I've been doing a lot of reading, research, watching a particular documetary and have come to the solid conclusion that not only am I ready to go to injectable AAS, I should have done it earlier.
I know this will come up but my diet is far in check and I'm a very, very disciplined (barring personal tragedies). The reason I included that last was I was down to about 8-9%BF about a month ago and I lost my little brother and started drinking, eating like crap and just not caring for about 4 weeks. Believe it or not, my body needed the rest, but not the fat. So I'm guessing I'm about 12-14%, which is high for me. I'm back at and will be for at least 5 weeks before I start this cycle. Before he died I was at 8-9% BF, benching 345, squatting 425, deadlift 435. This was after a couple PH cycles and I was able to gain about 25 lbs and keep 20 (thanks to Sarms S4, however it is a bit suppressive). I've been training for 11 years always doing one thing or another, not always hitting it as hard as I have been, but pretty much staying active besides little spots of time here and there. Just to give you a glimpse of what I have been able to accomplish, my first year of college I as 163, now I'm 205-210 solid. I think I could say that I have a grasp on how to get my body bigger. I have progress pics on my profile.
There is a thread on here that I wrote that details my diet and my anti pseudo(with a little lump) gyno flare that I was able to eradicate this summer. If you want to know more about my training and diet, it is in that thread.
During these next weeks before my cycle I will be cutting hard and training harder so I will be ready to put on some fat and LBM.
Short story, training is a 3 day split consisting of super sets and circuits
On to the cycle,
weeks 1-10= test e 500mg (2ML) per week @ 250mg twice a week (1ML @ the concentration I am ordering)

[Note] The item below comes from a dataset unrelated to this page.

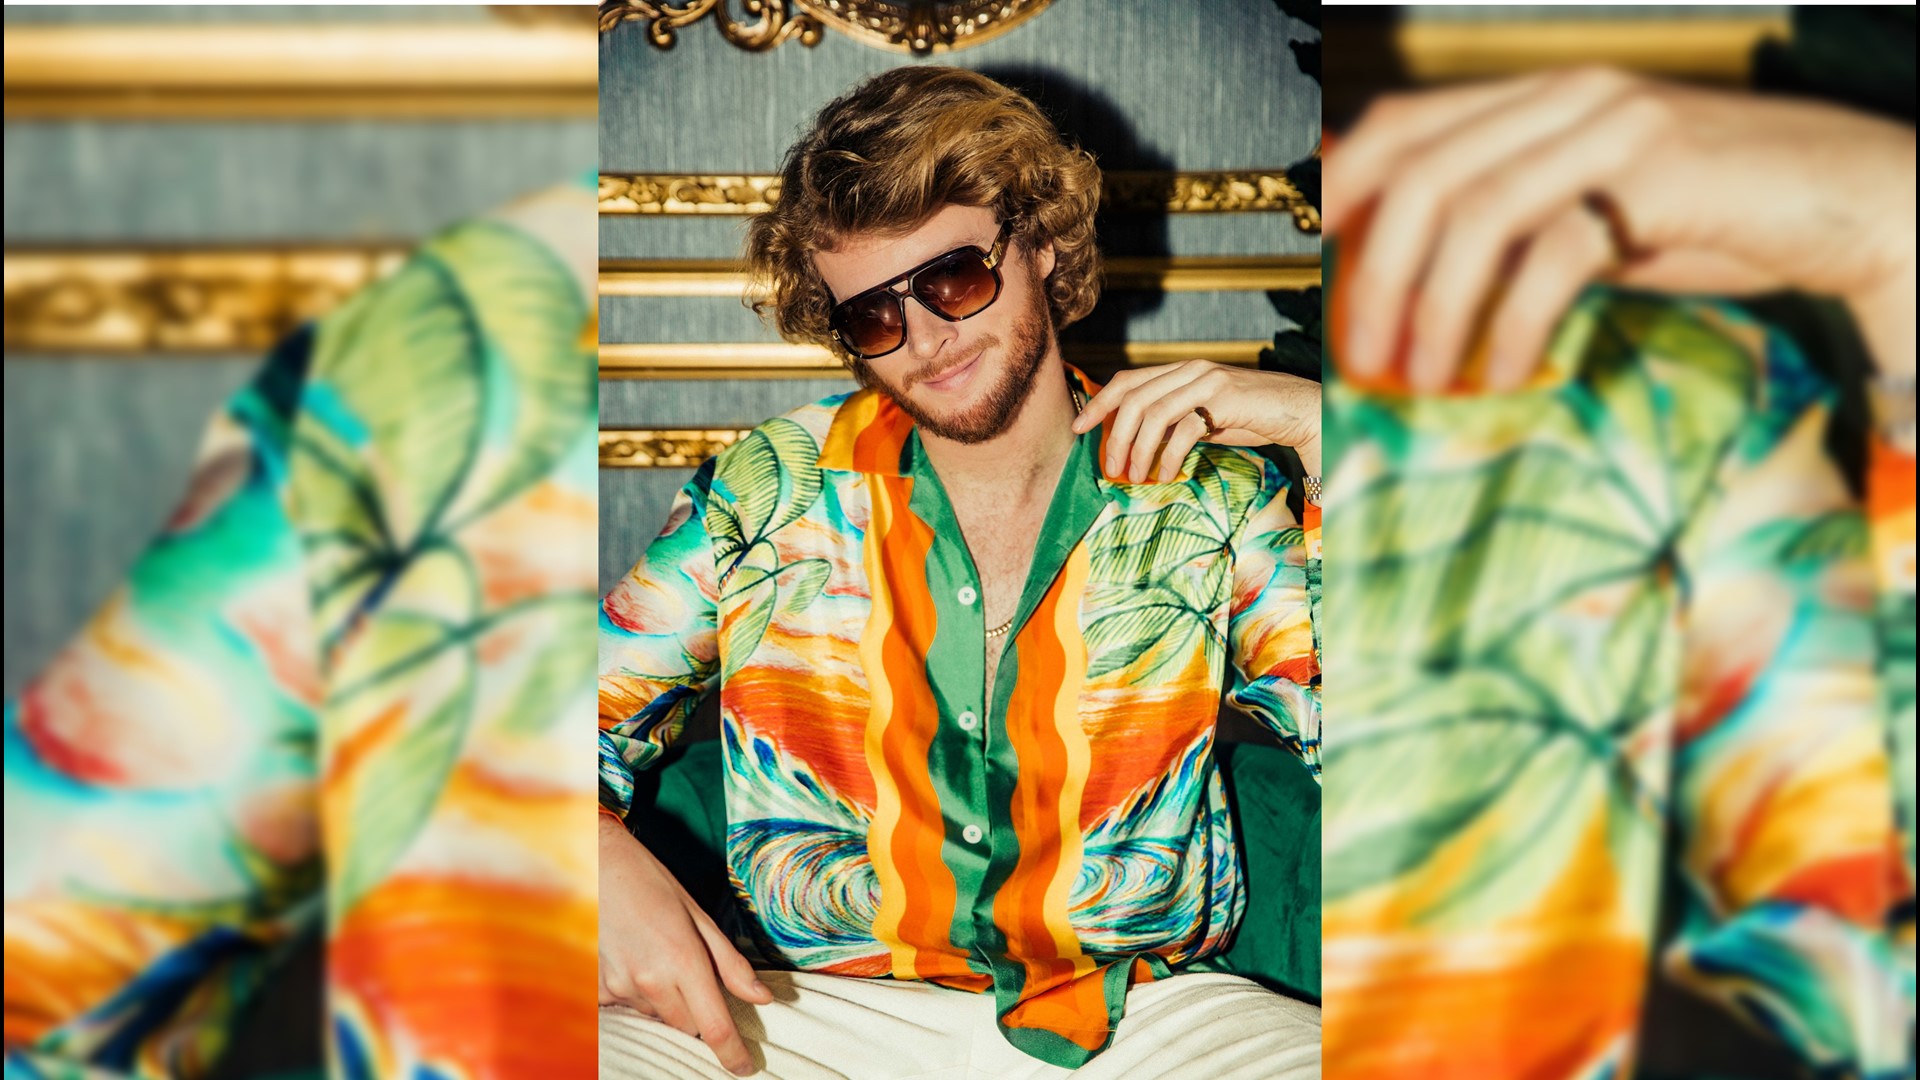 Before performing at the sold-out Grandstand, Yung Gravy spoke with KARE 11 about his homecoming, fair food faves and more.
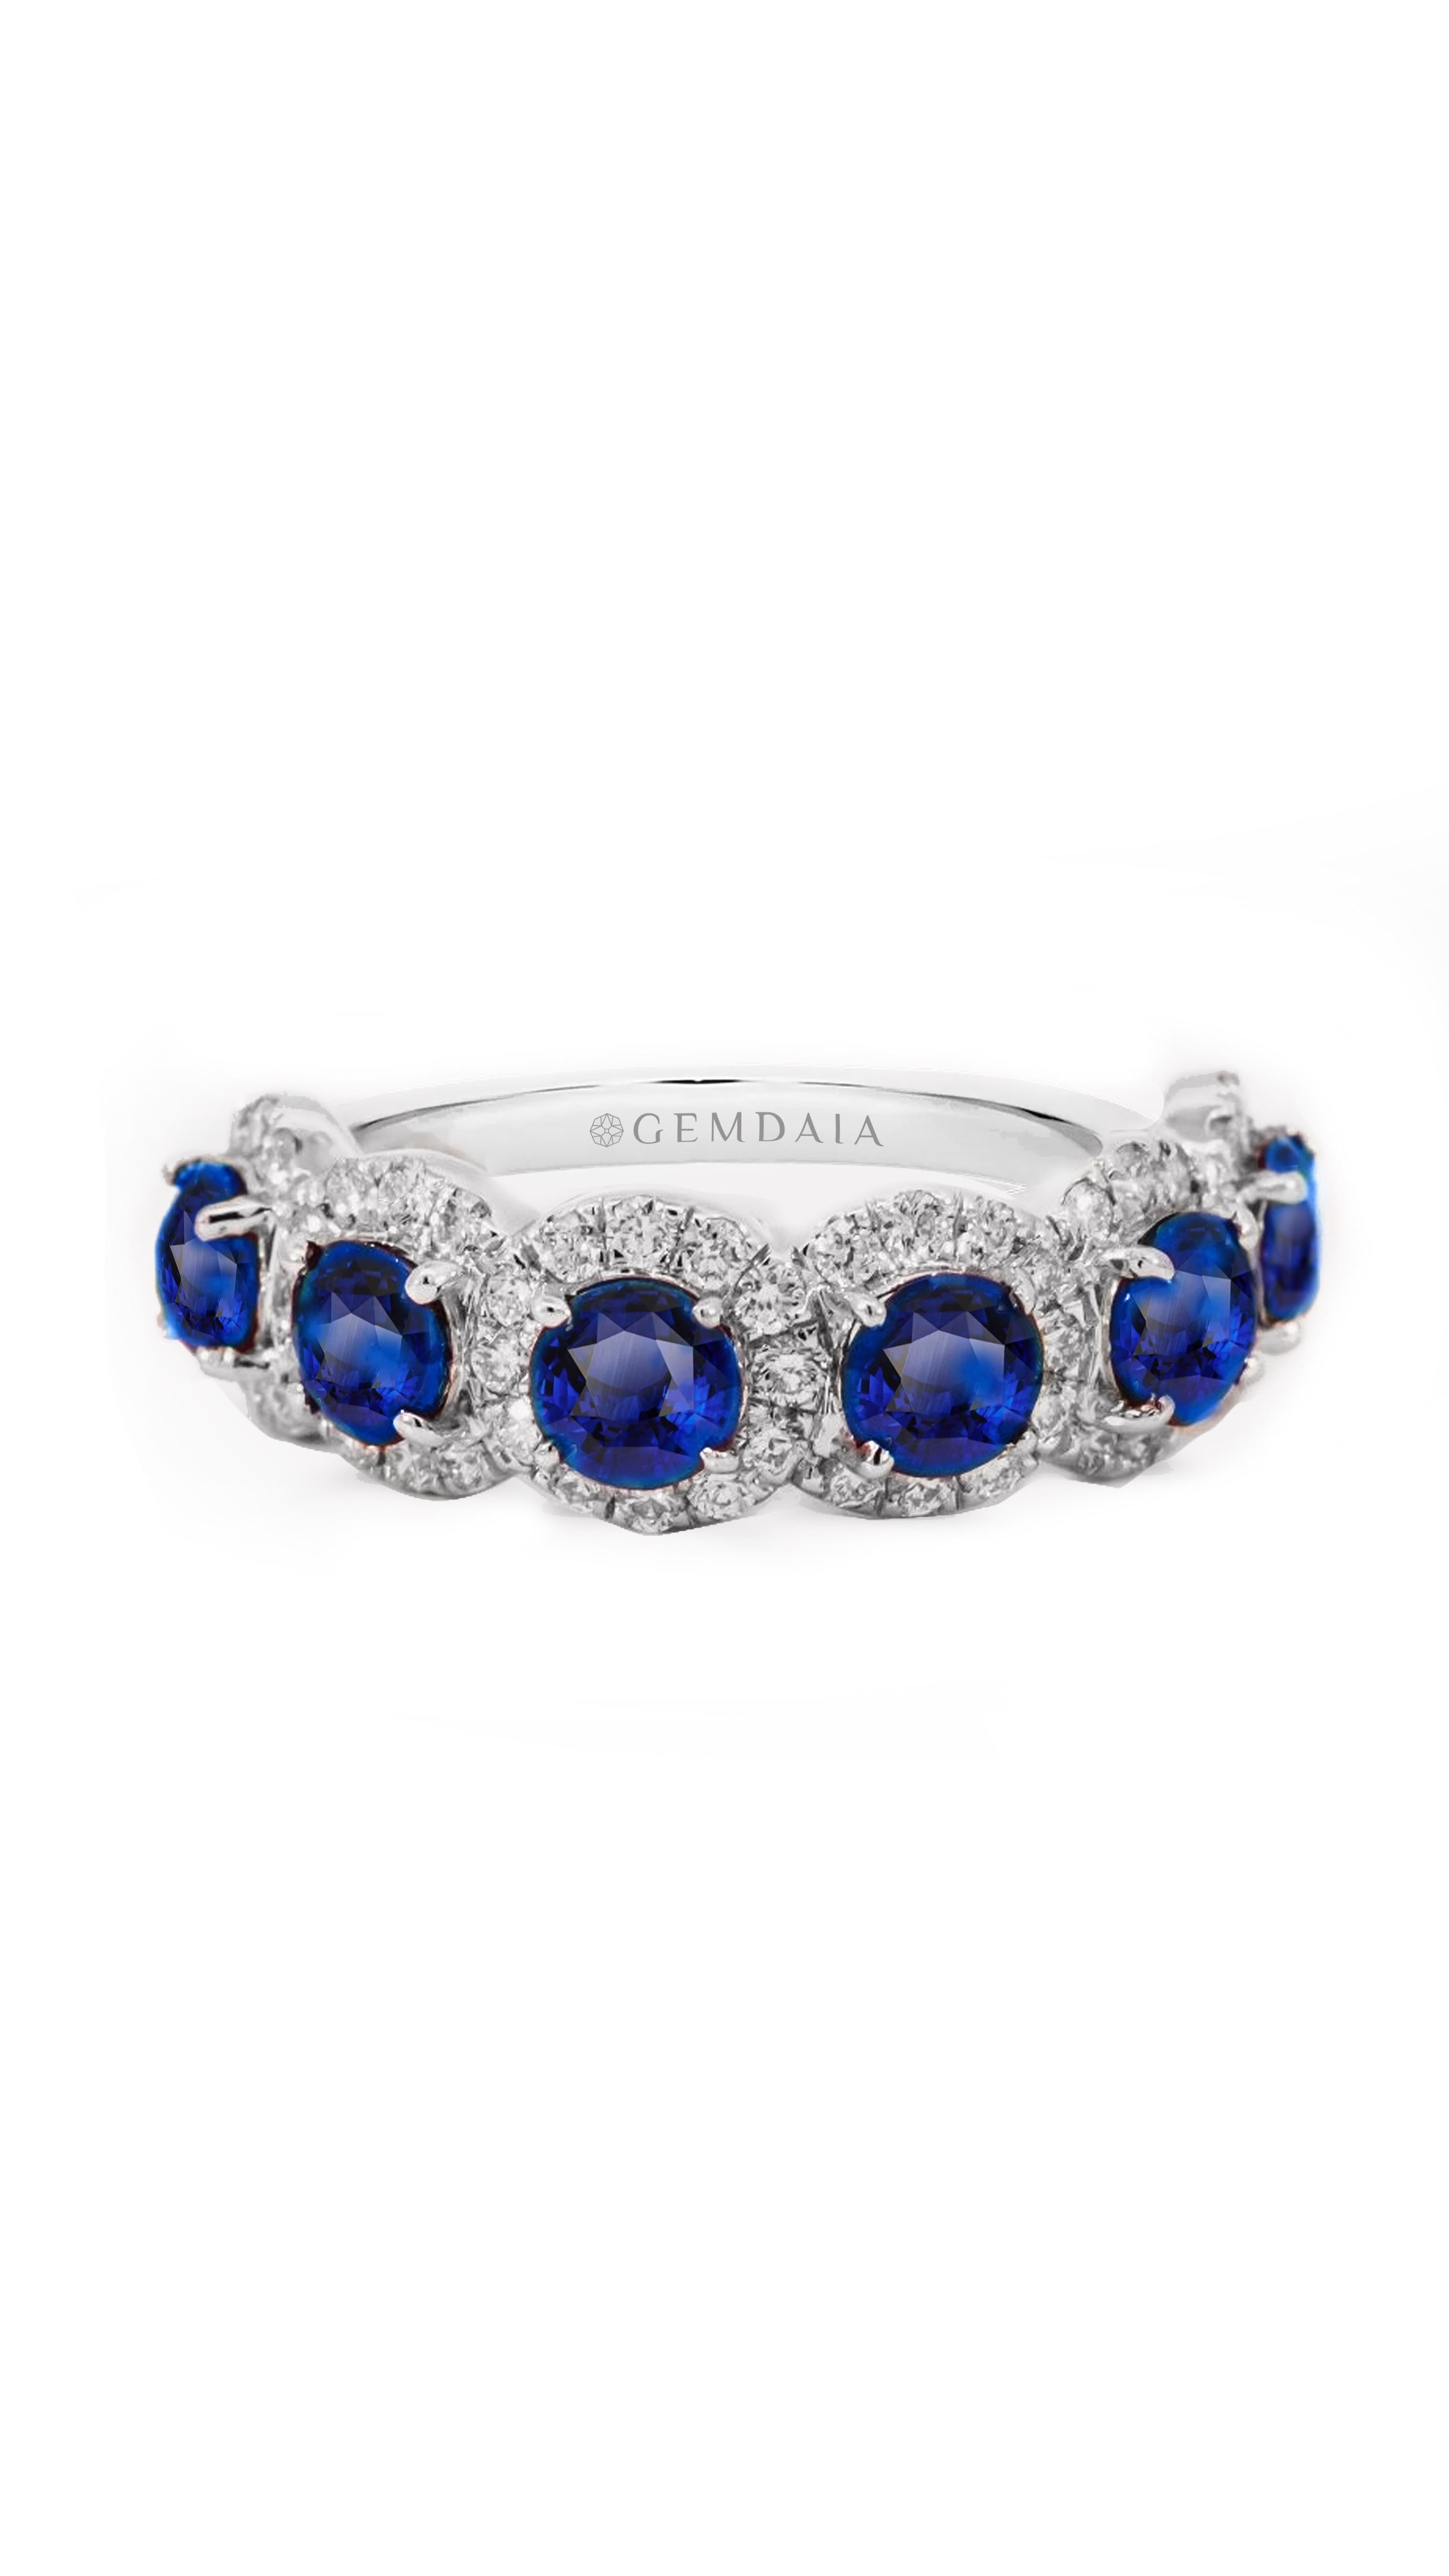 Featuring six royal blue sapphires encircled by shimmering diamonds, this exquisite piece exudes elegance and sophistication. Symbolizing wisdom and nobility, the sapphires add a touch of majestic beauty to the design. Whether for special occasions

weeks 1-4 = test p 100mg (1ML @ the concentration I am ordering) EOD
weeks 2-10= HCG 500mcgs per week @ 250mcgs twice a week (ordering 5000iu and will reconstitute with 10ml BW making each shot .5ml
weeks 1-12= Liquid Letro at .5ml (.625mg) ED
weeks 13-20= Liquid Tamoxifen [30.4 molecular weight because it is the citrate verion, for a total of 20mg of actual tamoxifen] (40/40/20/20/10/10/5/5)[depends on how I feel, I may stop tamox @ week 16 and just stick with S1 as it is non suppresive)
weeks 12-20 = Osta S1 Sarms (takes a week to start working, maybe cut this shorter, not sure yet)
Because I fell off the band wagon for 3 or 4 weeks, I want to spare my liver as much as possible so I elected to go nothing but injectables. Test P should kick start me off till week four when the Test E kicks in.
I am prone to gyno, letro at a very low dows (.625mg) ED has kept this from happening time and time again. I'm pretty married to the idea of running it throughout (including the 2 weeks after last injection to account for the Test e disipatting).
By week 13 my liver should be back to where it needs to be to handle Tamoxifen again.
HCG is ran to keep shut down from completely occuring and help bounce back faster, but NOT FOR PCT (I have some research to back this up)
S1 will help me keep my gains
More importantly, diet will help me gain and keep my gains.
So my question is, would anybody modify this in any way? If you would, why and what research (you don't have to post links, just wondering) have you read to back it up (I dont' want bro-science, I'm pretty sick of it)?
I'm off to drop one, feed back is appreciated. If you are going to flame me in one way or another, please have your research and reasoning in order. Otherwise, I may or may not respond.
If I get enough feedback, I will log the crap out of this cycle.